A MFoM learning approach to robust multiclass multi-label text categorization

  • Authors:
  • Sheng Gao;Wen Wu;Chin-Hui Lee;Tat-Seng Chua

  • Affiliations:
  • Institute for Infocomm Research, Singapore;Carnegie Mellon University, Pittsburgh, PA;Georgia Institute of Technology, Atlanta, GA;National University of Singapore, Singapore

  • Venue:
  • ICML '04 Proceedings of the twenty-first international conference on Machine learning
  • Year:
  • 2004

Quantified Score

Hi-index 0.00

Visualization

Abstract

We propose a multiclass (MC) classification approach to text categorization (TC). To fully take advantage of both positive and negative training examples, a maximal figure-of-merit (MFoM) learning algorithm is introduced to train high performance MC classifiers. In contrast to conventional binary classification, the proposed MC scheme assigns a uniform score function to each category for each given test sample, and thus the classical Bayes decision rules can now be applied. Since all the MC MFoM classifiers are simultaneously trained, we expect them to be more robust and work better than the binary MFoM classifiers, which are trained separately and are known to give the best TC performance.
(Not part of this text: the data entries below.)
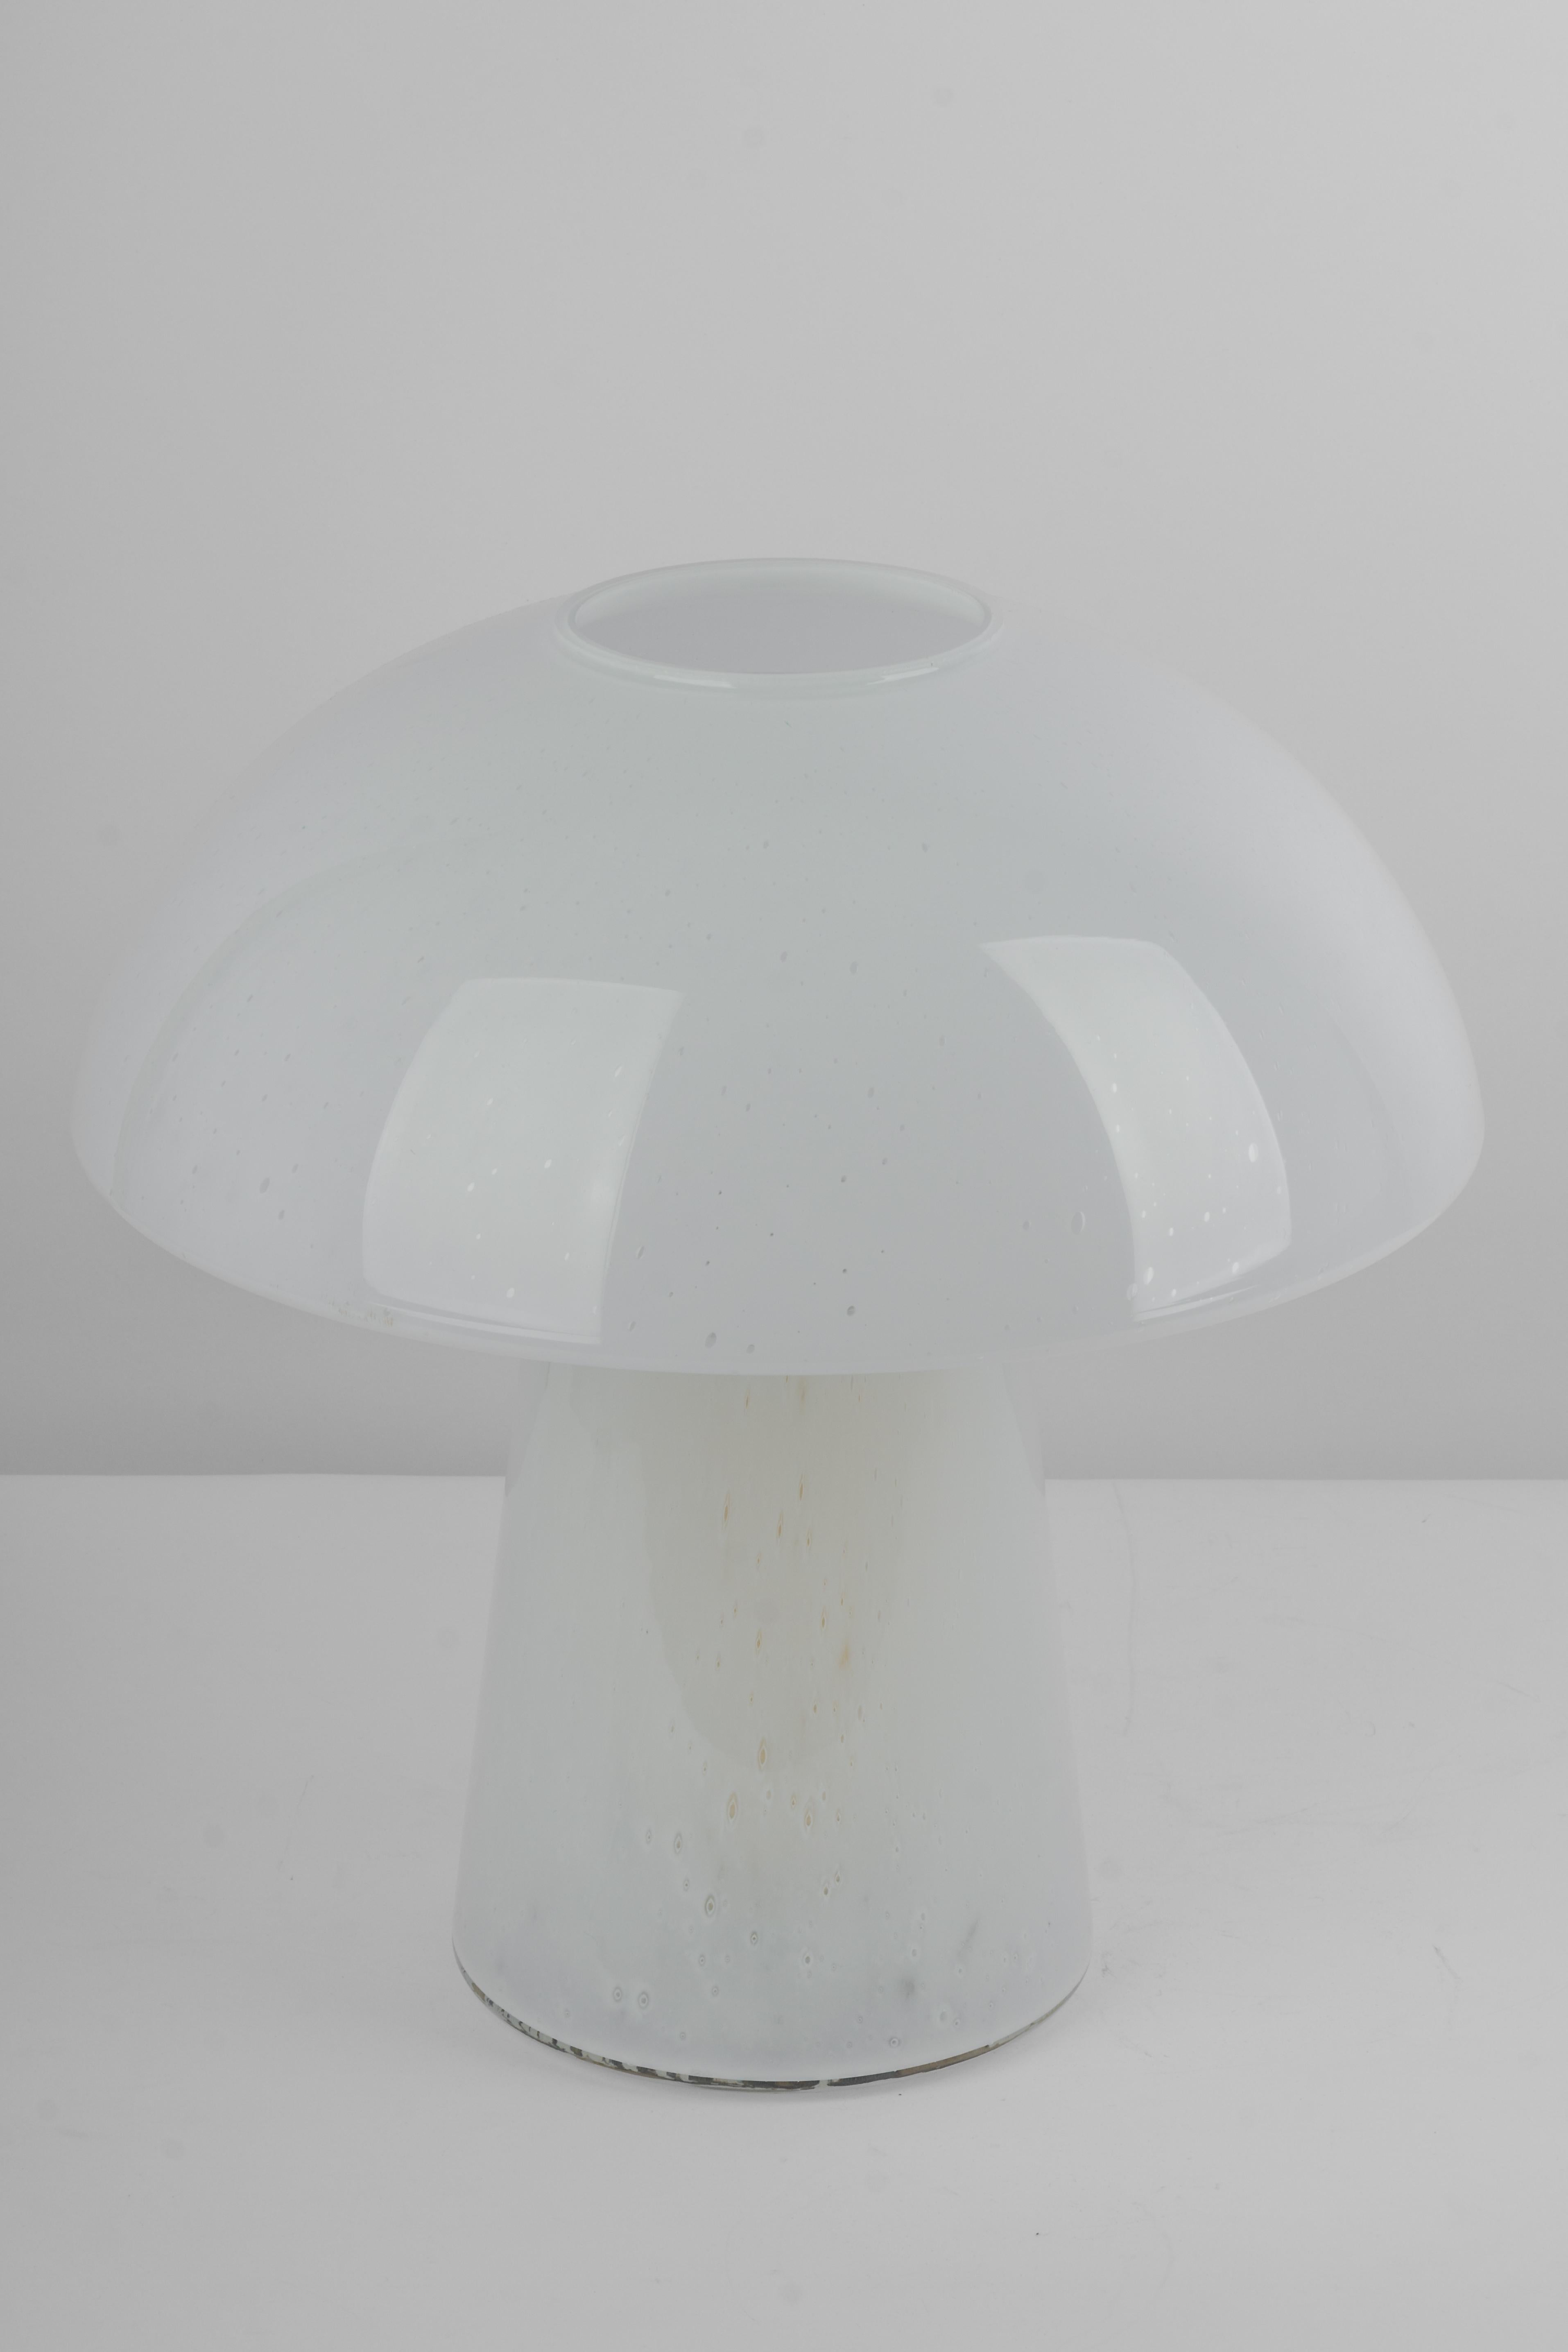 Merveilleuse lampe de table champignon de Limburg, Allemagne, années 1970. Fabriqué en une seule pièce.
Le corps en verre et sa qualité tranchante contrastent joliment avec la surface lisse et la forme du champignon. 

Mesures : Grande lampe de
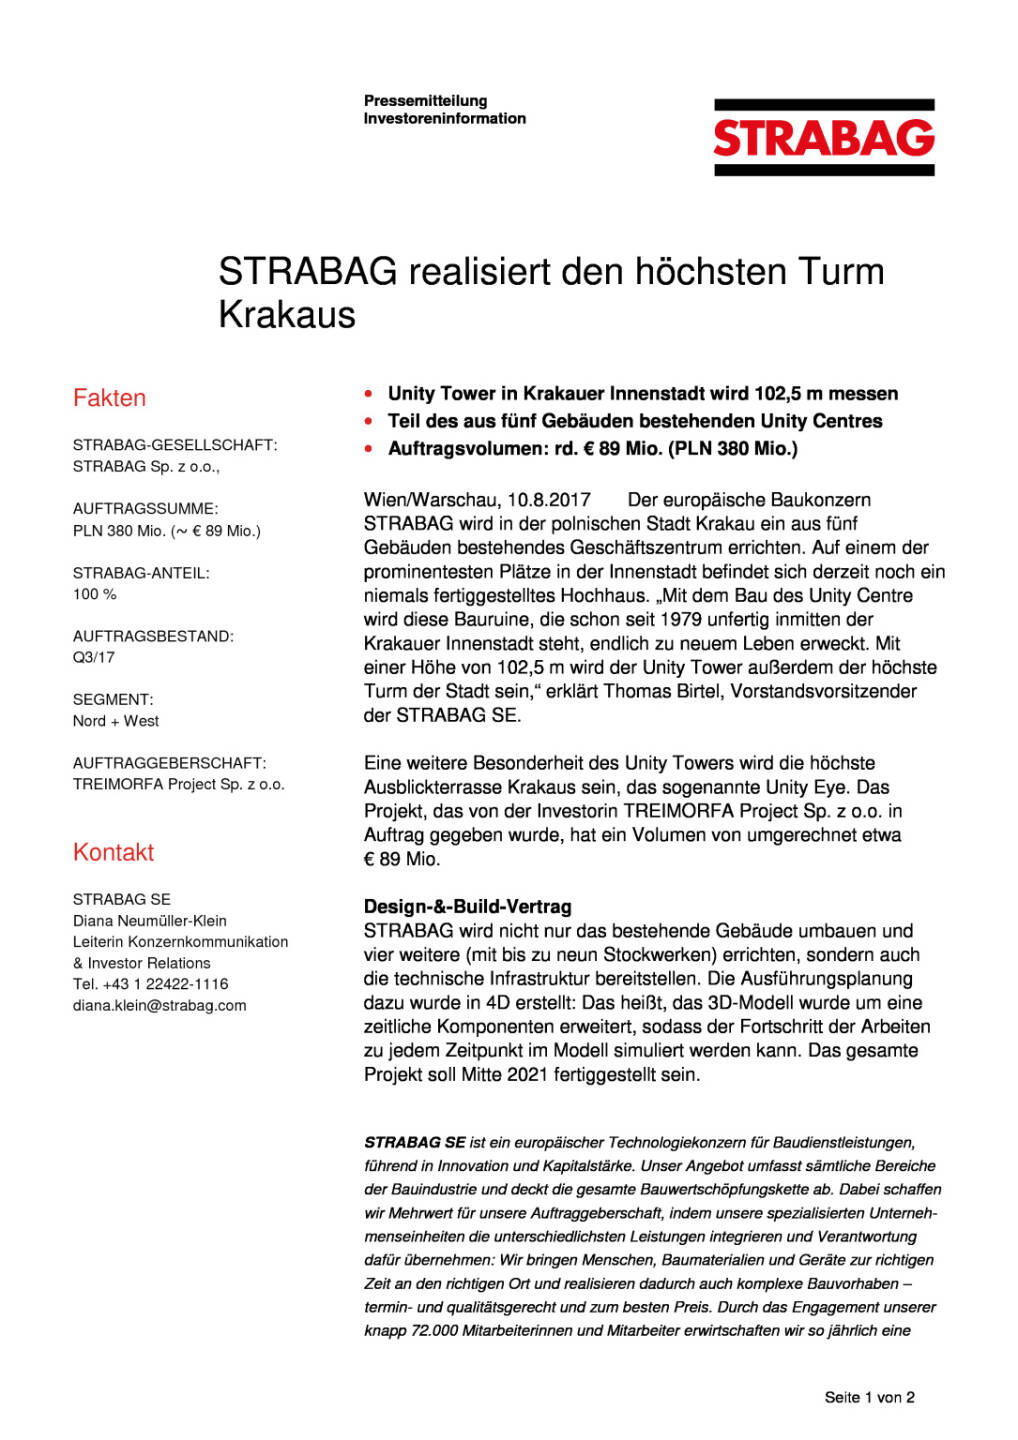 Strabag realisiert den höchsten Turm Krakaus, Seite 1/2, komplettes Dokument unter http://boerse-social.com/static/uploads/file_2308_strabag_realisiert_den_hochsten_turm_krakaus.pdf
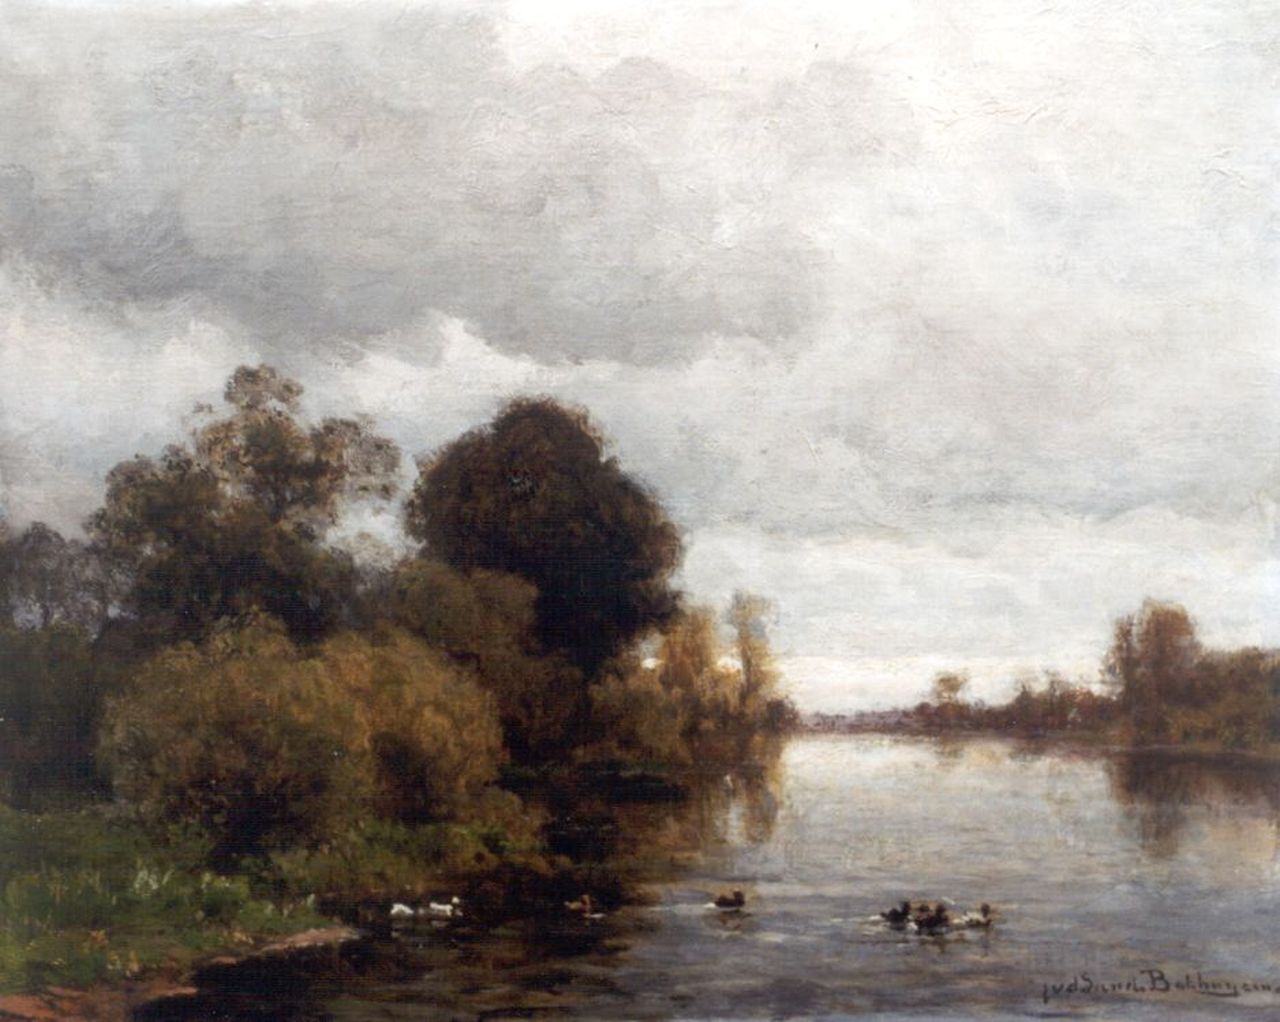 Sande Bakhuyzen J.J. van de | Julius Jacobus van de Sande Bakhuyzen, Verstild riviergezicht, olieverf op doek op paneel 37,2 x 45,2 cm, gesigneerd rechtsonder
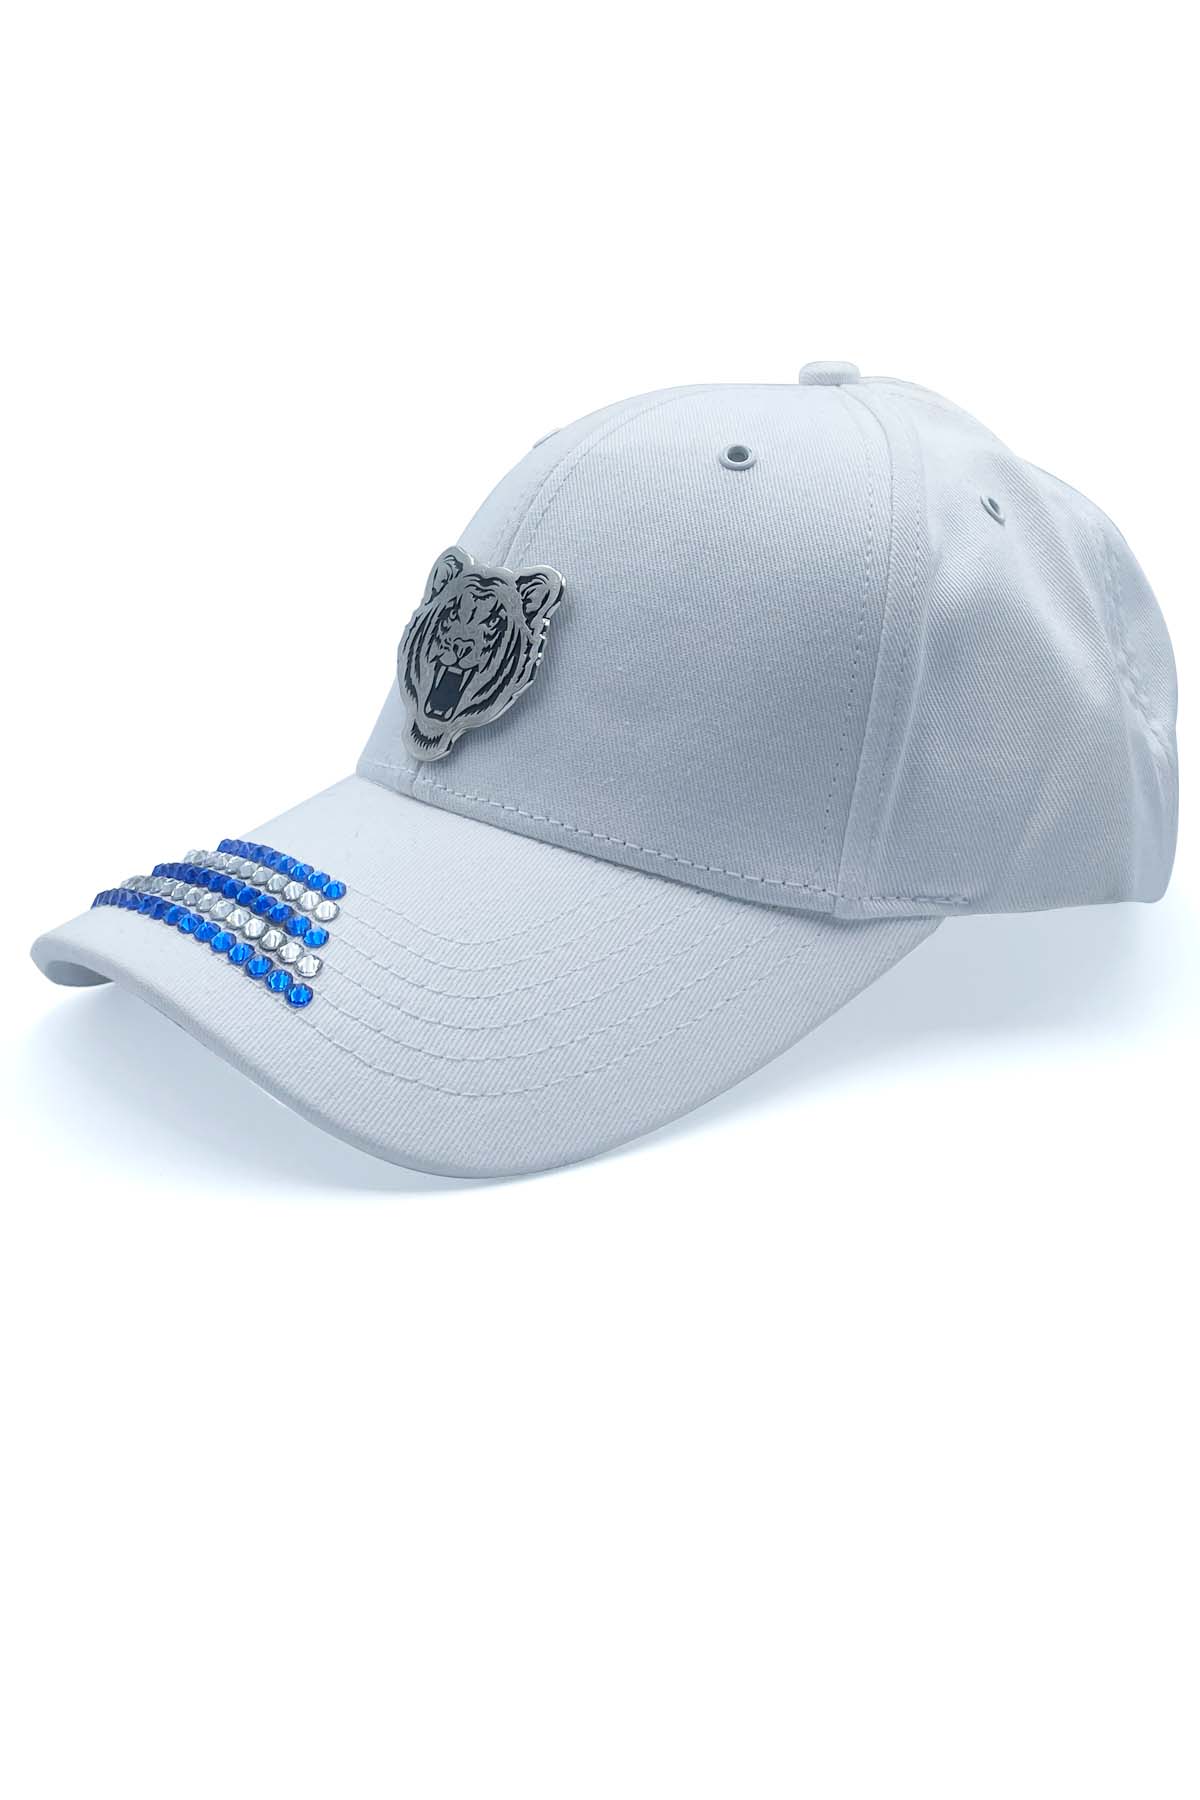 White cap with blue swarovski stones

Experimental results on the Reuters-21578 TC task indicate that the MC MFoM classifiers achieve a micro-averaging F1 value of 0.377, which is significantly better than 0.138, obtained with the binary MFoM classifiers, for the categories with less than 4 training samples. Furthermore, for all 90 categories, most with large training sizes, the MC MFoM classifiers give a micro-averaging F1 value of 0.888, better than 0.884, obtained with the binary MFoM classifiers.